Another approach adds CO2 gas directly to the output of a regular glycol fogger. It simply has a solenoid valve that opens when the fog is being sprayed out and mixes the CO2 with the fog. I have not seen the results, but it should also tend to rise as the CO2 mixes with the regular air. I have also been told that this is extremely noisy because of the sound of the gas escaping from the tank. This is another project that I want to experiment with someday to see if I can make it myself.
Finally, I think I have found the best solution. I placed a fairly small amount of dry ice (5 lbs.) in a box (cardboard will work, but water will eventually condense from the cold, and make it soggy). Then the output of a glycol fogger is directed into the box where it melts the dry ice a bit, and mixes with the CO2 gas.
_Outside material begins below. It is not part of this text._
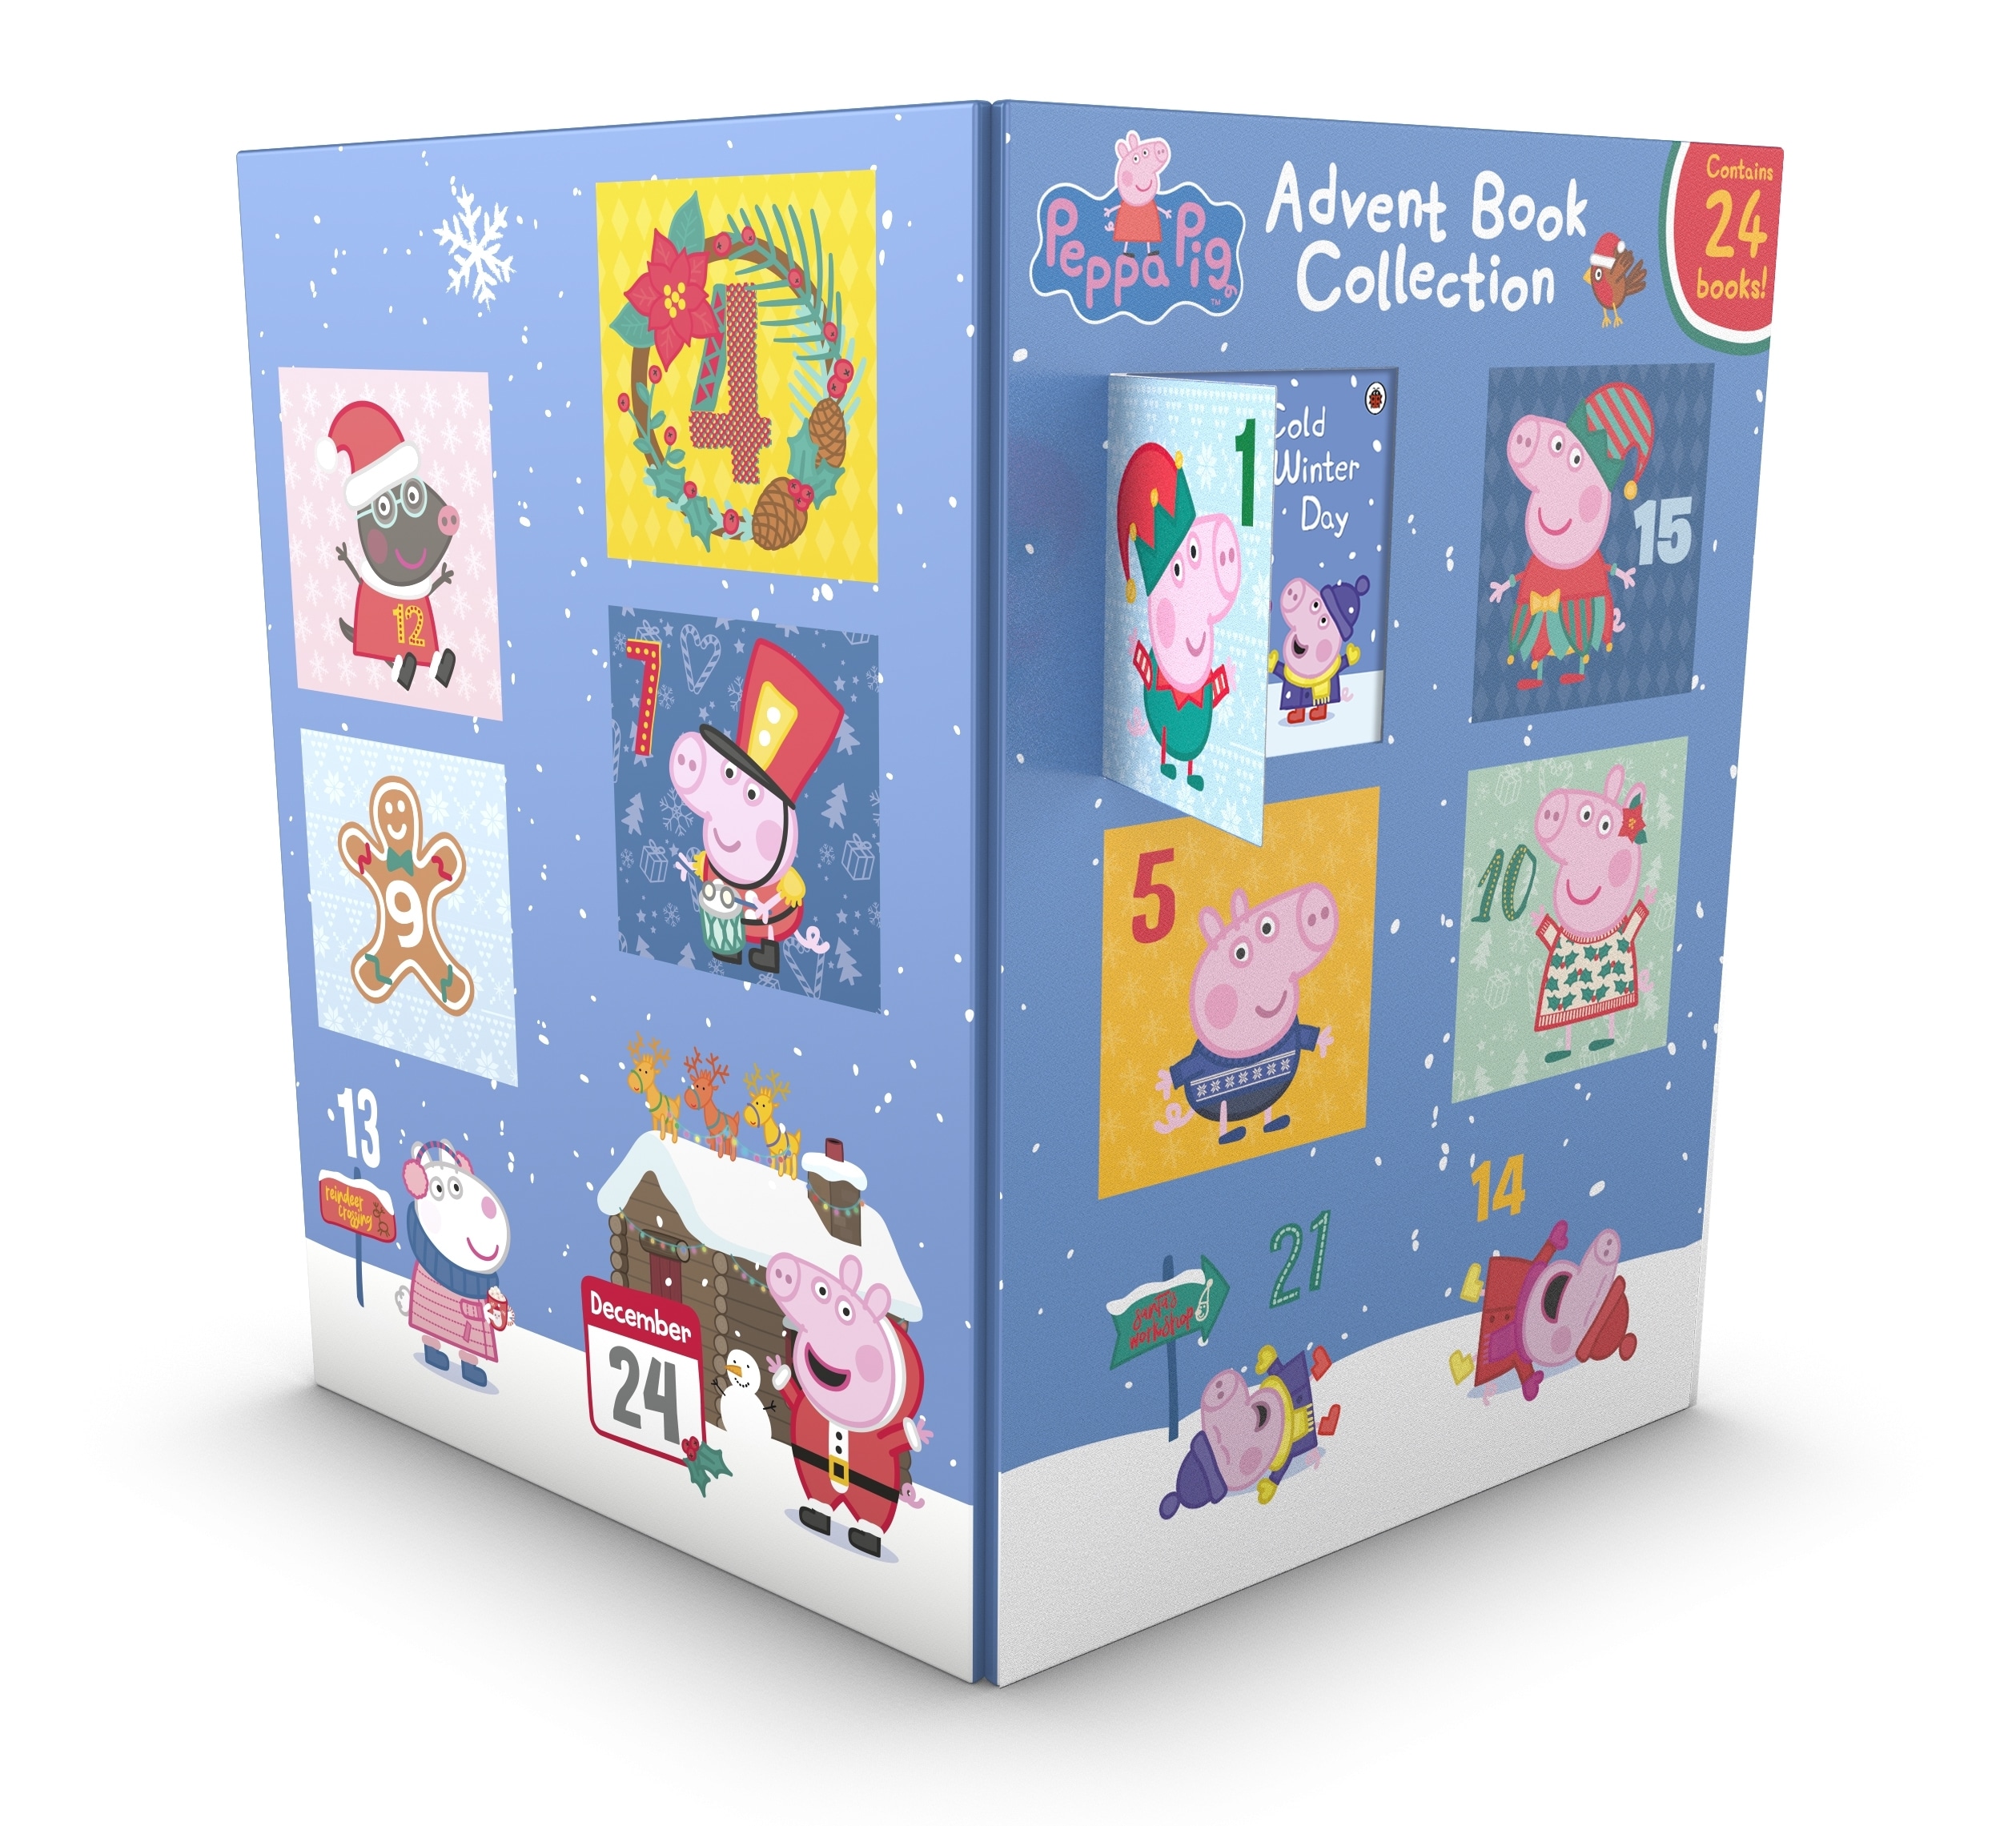 Book “Peppa Pig: Advent Book Collection” by Peppa Pig — October 1, 2020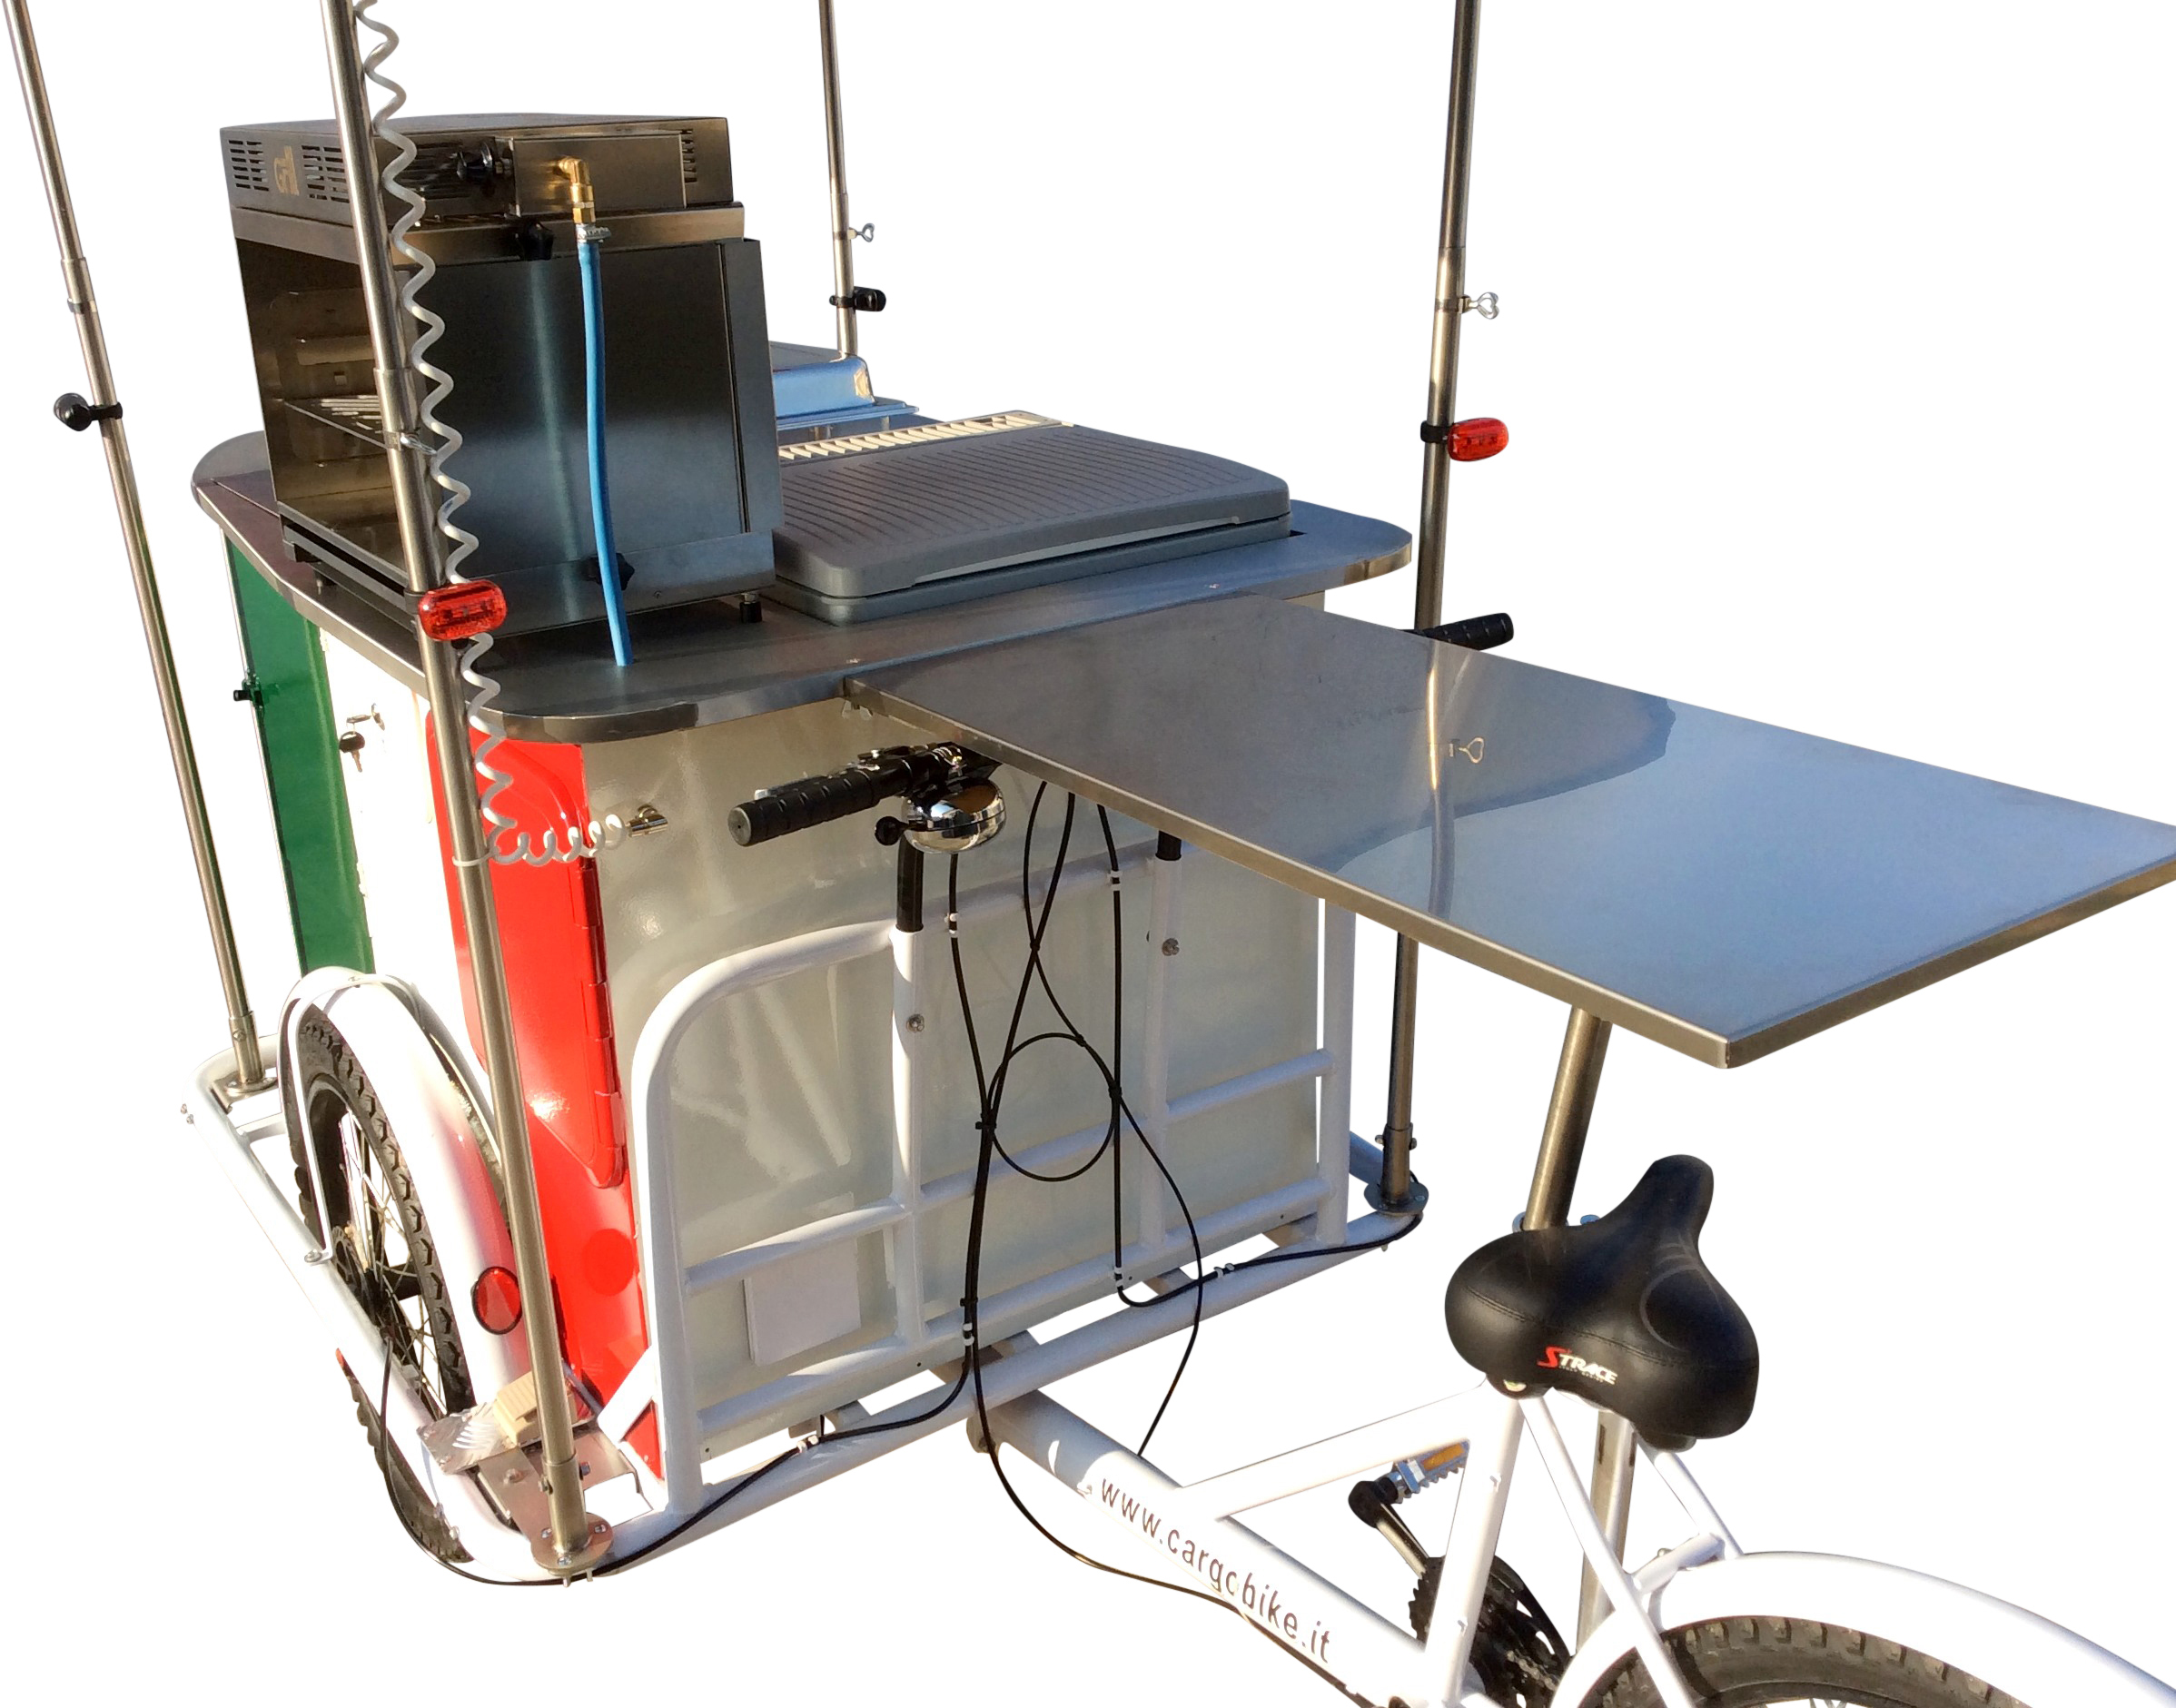 STREET_FOOD_GRILL_REVIVAL_TRICICLO_CARGO_BIKE_23

The fog is also cooled as it flows over the dry ice. It also helps to have a metal grill shelf suspended halfway up the box so some of the dry ice can be suspended in the air - this is just to increase the surface area exposed to the fog. The results are MUCH better than just using water ice, which I have also tried. Still, the fog will eventually rise and disperse in the air, but it allows you to product much more of the heavy fog with only a small amount of dry ice. I have been told that commercial versions of these "chillers" will use a special fog formula which is designed to disapear more quickly than the regular fog juice. That sounds like a good idea, but I haven't tried it yet.
A similar design to hose/fan assembly I have illustrated here can be
used with glycol foggers to keep the hissing sound off stage. Just put
the hose/fan assembly on a cardboard box and point the output nozzle from
a glycol fogger into another hole in the box. The fog will then be directed
through the hose.
However, if the skit were to have been a somber one, the fog might have detracted from that mood in my setting. So, don’t delude yourself into thinking that effects equal good theater. Also, some special effects can cost a lot of money, or a lot of time to do. So, ask youself if it is worth it. I have found that the addition of just one “Oooo” effect makes the audience feel it was a special performance. It may be a cheap gimmick (well, not necessarily cheap) but people like it anyway. Doing an effect just because you have fun with it, is certainly a valid reason - as long as you realize that fun is your purpose.